From the entries below, copy exactly the lines from the one that contains "Monster Hunter Monsters 2" through the one that contains "AVANSERT: Leder for", both included, and only those.

### DATA PROVIDED
◇ ◇ ◇ ◇

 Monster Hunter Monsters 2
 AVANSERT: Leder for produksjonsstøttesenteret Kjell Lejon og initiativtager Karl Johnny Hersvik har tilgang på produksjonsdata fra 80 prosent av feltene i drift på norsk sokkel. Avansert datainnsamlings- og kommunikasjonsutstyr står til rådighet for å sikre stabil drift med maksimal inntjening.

◇ ◇ ◇ ◇

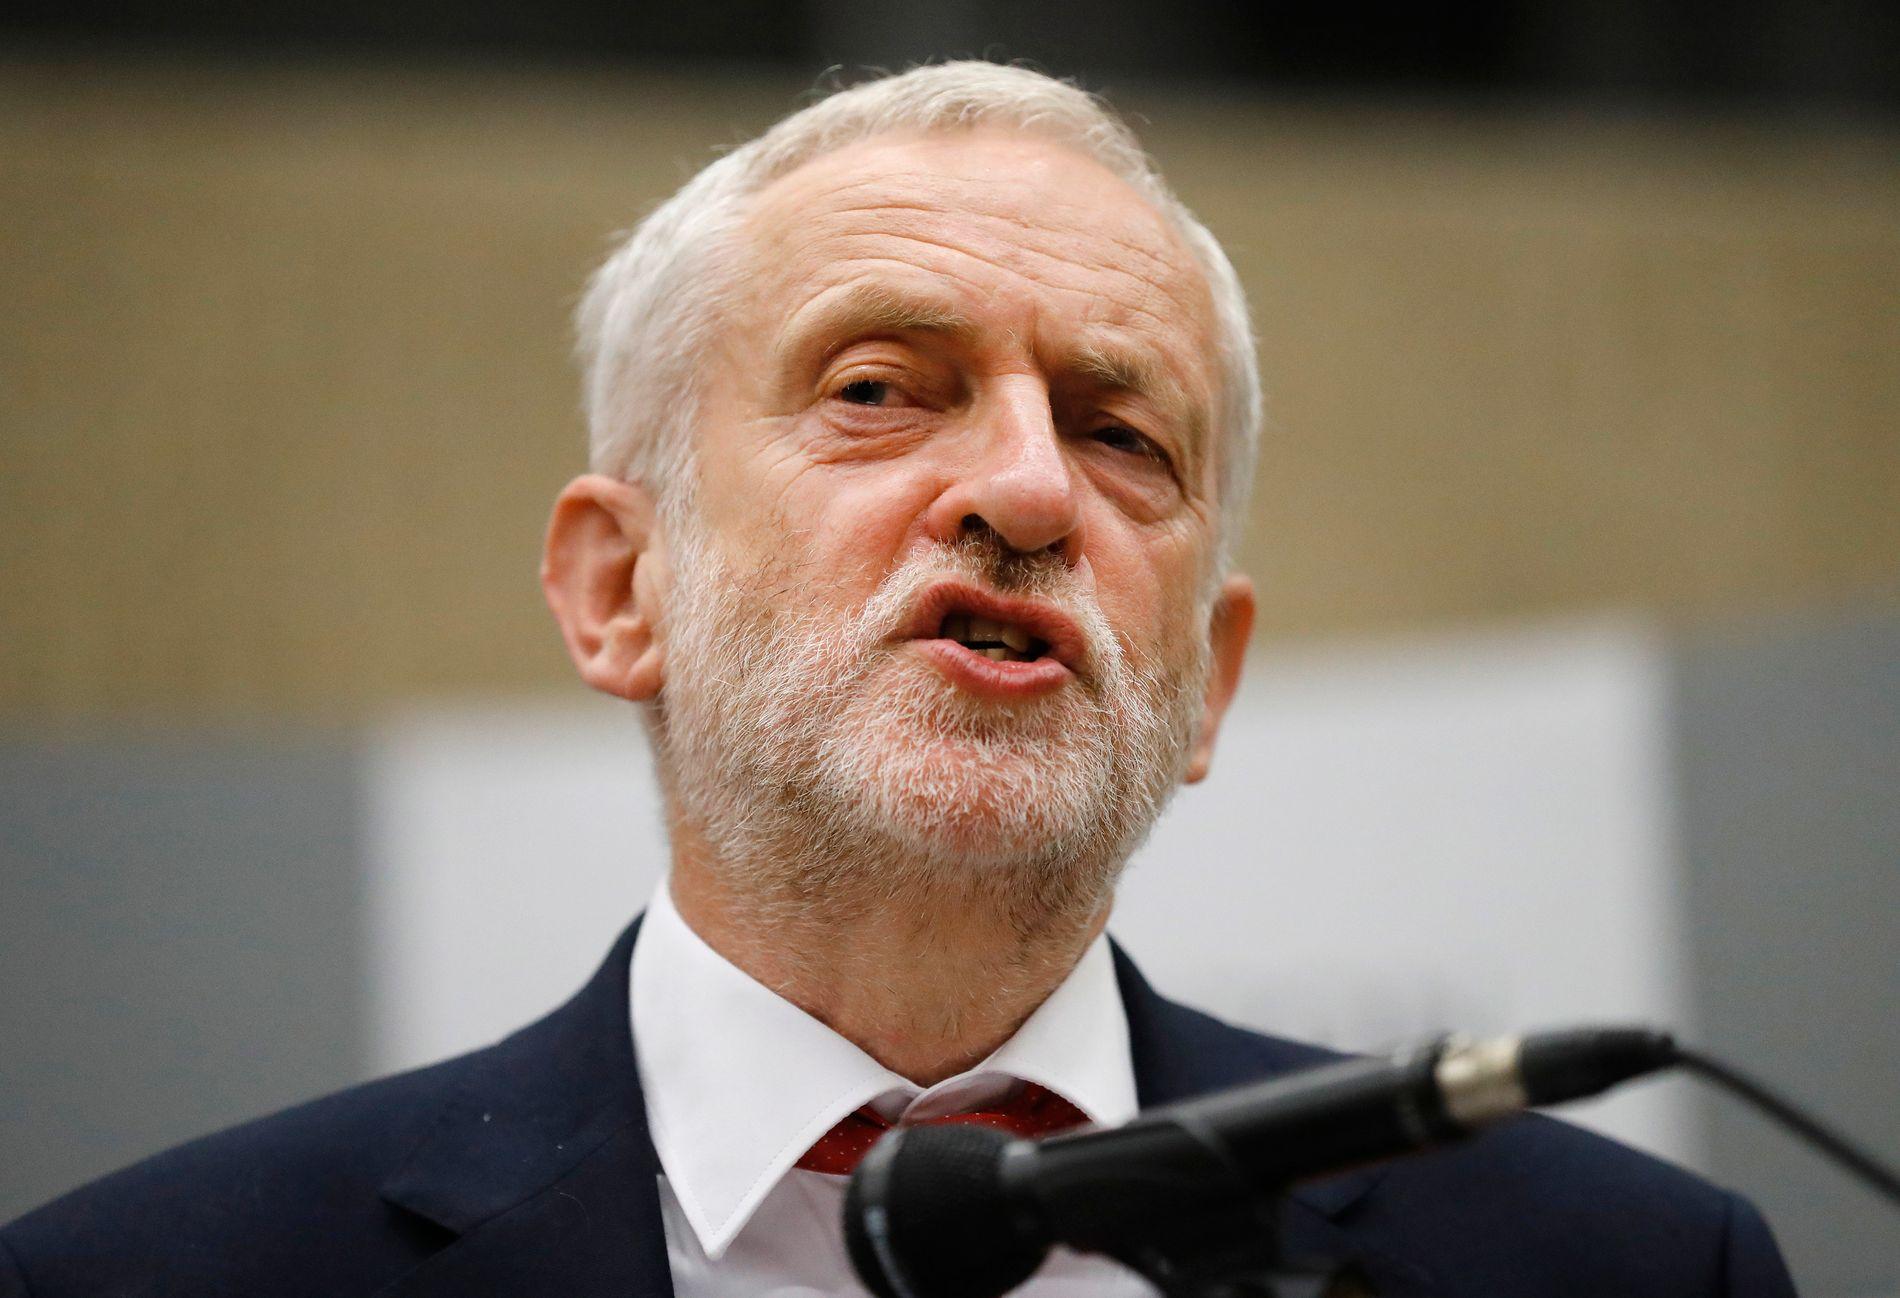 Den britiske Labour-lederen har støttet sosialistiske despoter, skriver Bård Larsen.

◇ ◇ ◇ ◇

### OUTPUT BELOW
 Monster Hunter Monsters 2
 AVANSERT: Leder for produksjonsstøttesenteret Kjell Lejon og initiativtager Karl Johnny Hersvik har tilgang på produksjonsdata fra 80 prosent av feltene i drift på norsk sokkel. Avansert datainnsamlings- og kommunikasjonsutstyr står til rådighet for å sikre stabil drift med maksimal inntjening.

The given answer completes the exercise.